Apparently, balanced chromosomal rearrangements usually have no phenotypic consequences for the carrier. However, in some cases, they may be associated with an abnormal phenotype. We report herein the case of a 4-year-old boy presenting with clinically isolated supravalvular aortic stenosis (SVAS). No chromosomal imbalance was detected by array CGH. The karyotype showed a balanced paracentric chromosome 7 inversion. Breakpoint characterization using paired-end whole-genome sequencing (WGS) revealed an ELN gene disruption in intron 1, accounting for the phenotype. Family study showed that the inversion was inherited, with incomplete penetrance.
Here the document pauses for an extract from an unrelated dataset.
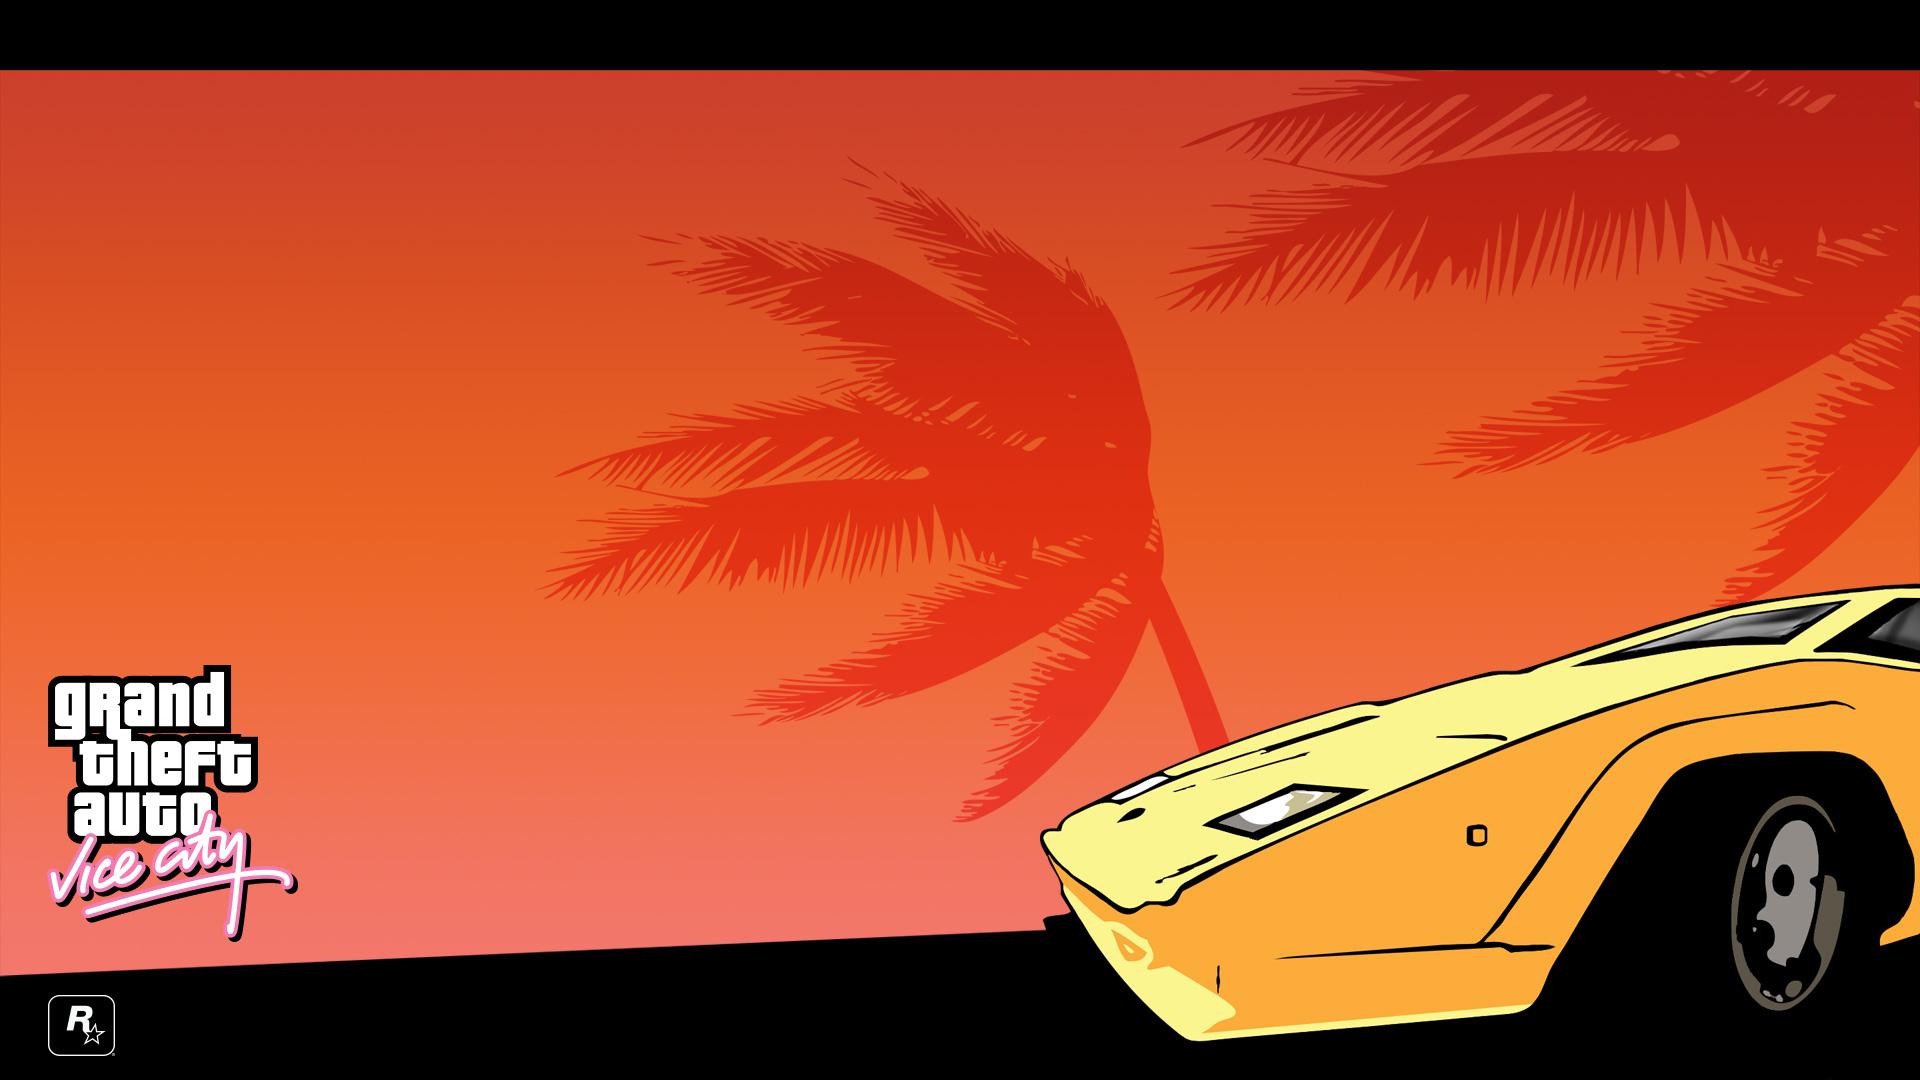 Grand Theft Auto On Vita : Wallpapers fond d ecran pour grand theft auto vice city

To our knowledge, this is the first case of a disruption of the ELN gene characterized by WGS. It contributes to refine the genotype-phenotype correlation in ELN disruption. Although this disruption is a rare etiology of SVAS, it cannot be detected by the diagnostic tests usually performed, such as array CGH or sequencing methods (Sanger, panel, or exome sequencing). With the future perspective of WGS as a diagnostic tool, it will be important to include a structural variation analysis in order to detect balanced rearrangements and gene disruption.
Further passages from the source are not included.